Григорьев молчал. Вот тебе и всемогущий завпрозой! Значит, не случайно даже среди изломанных обитателей странного Дома этот «полковник» выглядел окончательно раздавленным. Расплющенным, как цыпленок-табака. Однако же и его допекло, не вытерпел. И — самое занятное: как отчаянно пытался он доказать свою правоту именно Григорьеву. Не кому-нибудь из высокого литофицерства, из тех, кого догнал в чинах, а то и превзошел. Не кому-нибудь из «молодых», рвущихся в ту же систему, понятных ему и от него зависящих. А вот именно — чужаку, который и пишет невесть что, и невесть зачем сидит за этим столом. Тому, кто раздражает, просто бесит самой своей неясностью.
«…В марте 1675 года у ворот окруженного стеною сада в предместье Вены остановилась тяжелая карета с имперскими орлами на дверцах. Ее сопровождал десяток всадников в гвардейской форме. Из кареты никто не вышел, она была пуста. Один из гвардейцев соскочил с коня, прошел мимо привратника и, печатая шаг по дорожке из каменных плит, направился через сад к темному дому с угловыми башенками, подобию маленькой крепости.
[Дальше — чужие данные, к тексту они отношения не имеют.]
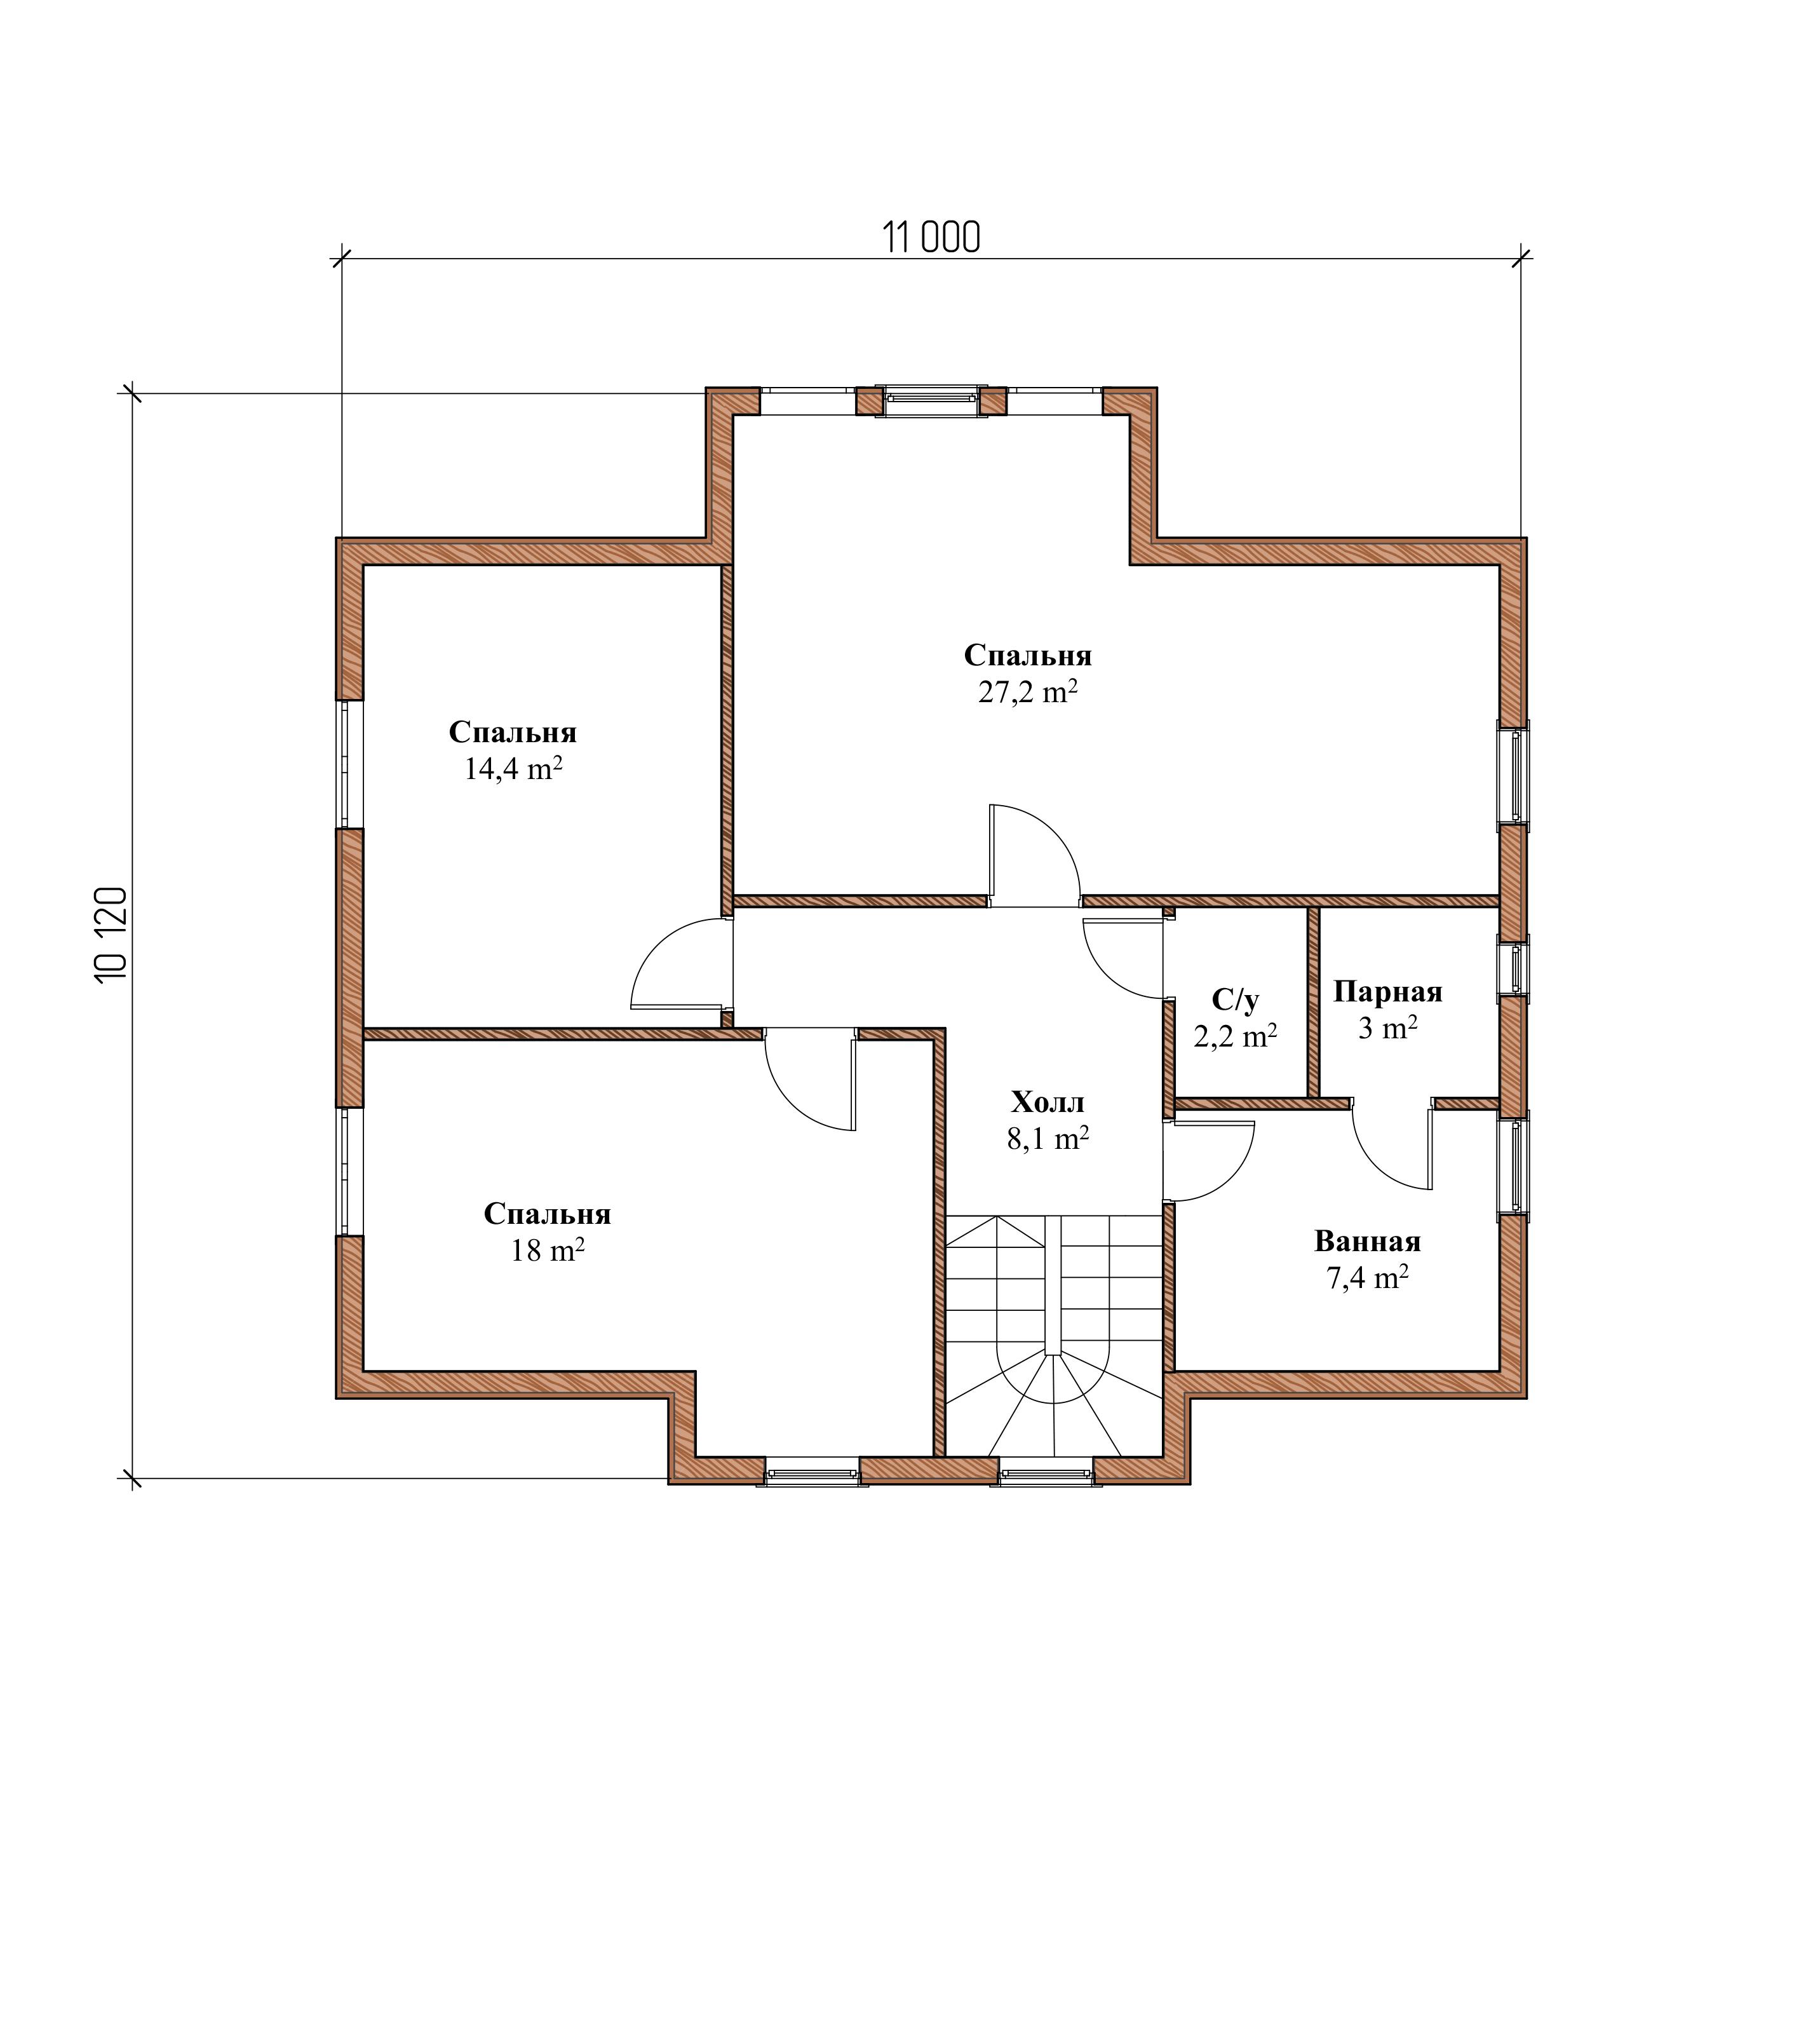 Проект каркасного дома К-1. Общая площадь 200 м2 план

Здесь, на покое, жил в последнее время самый прославленный полководец Священной Римской империи, старый фельдмаршал граф Раймонд Монтекукколи.
Гвардейца встретил пожилой слуга, не похожий на лакея ни одеждой, напоминавшей скорей солдатскую куртку, чем ливрею, ни своим грубым лицом. Явно денщик из унтер-офицеров.
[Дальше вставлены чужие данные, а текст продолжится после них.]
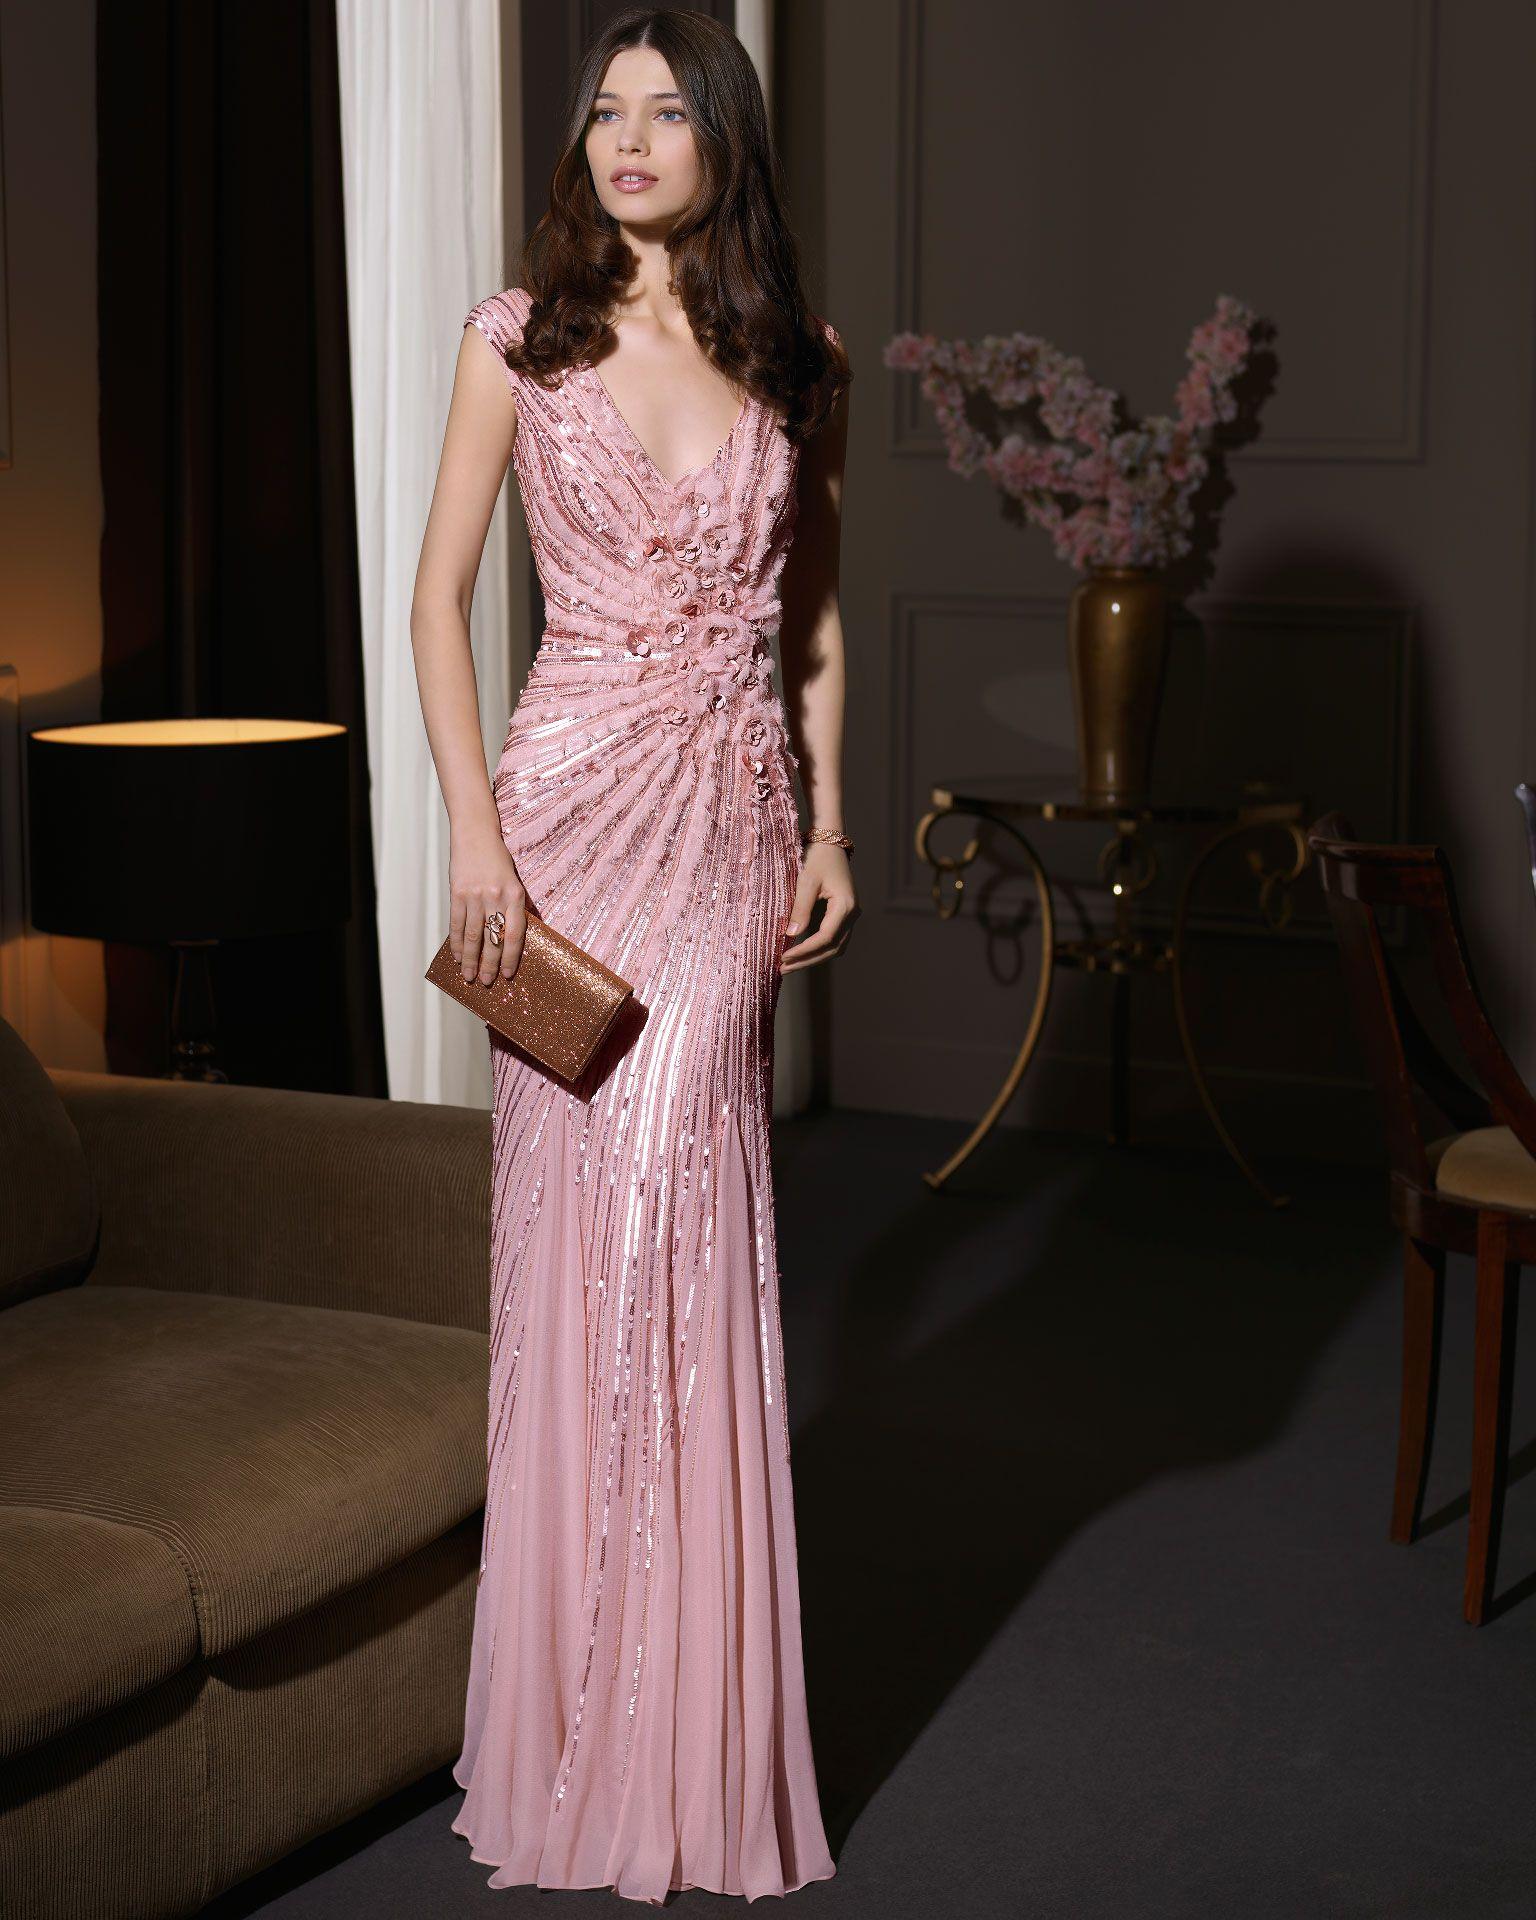 Vestidos de gala de noche para fiestas vestidos de gala

Хозяин дома, седой великан в шелковом халате, снял очки, отложил книгу и поднялся из кресла. Лицо его было серьезным, соответствуя значительности момента. Лишь в черных, итальянских, по-прежнему молодых глазах посверкивали веселые искорки (забавно было наблюдать через окно, как роскошный гвардейский офицер вышагивает, точно на смотру, сквозь его пустынный сад).
Фельдмаршал принял у посланца пакет, сломал печати. Развернул лист сверкающей белизной бумаги и, отстранив в вытянутой руке (очками при посторонних не пользовался никогда, хоть давно мучился стариковской дальнозоркостью), пробежал несколько строк, исполненных изумительными завитушками писаря дворцовой канцелярии. Задержался взглядом на собственноручной, с чернильными брызгами, подписи императора: ЛЕОПОЛЬД.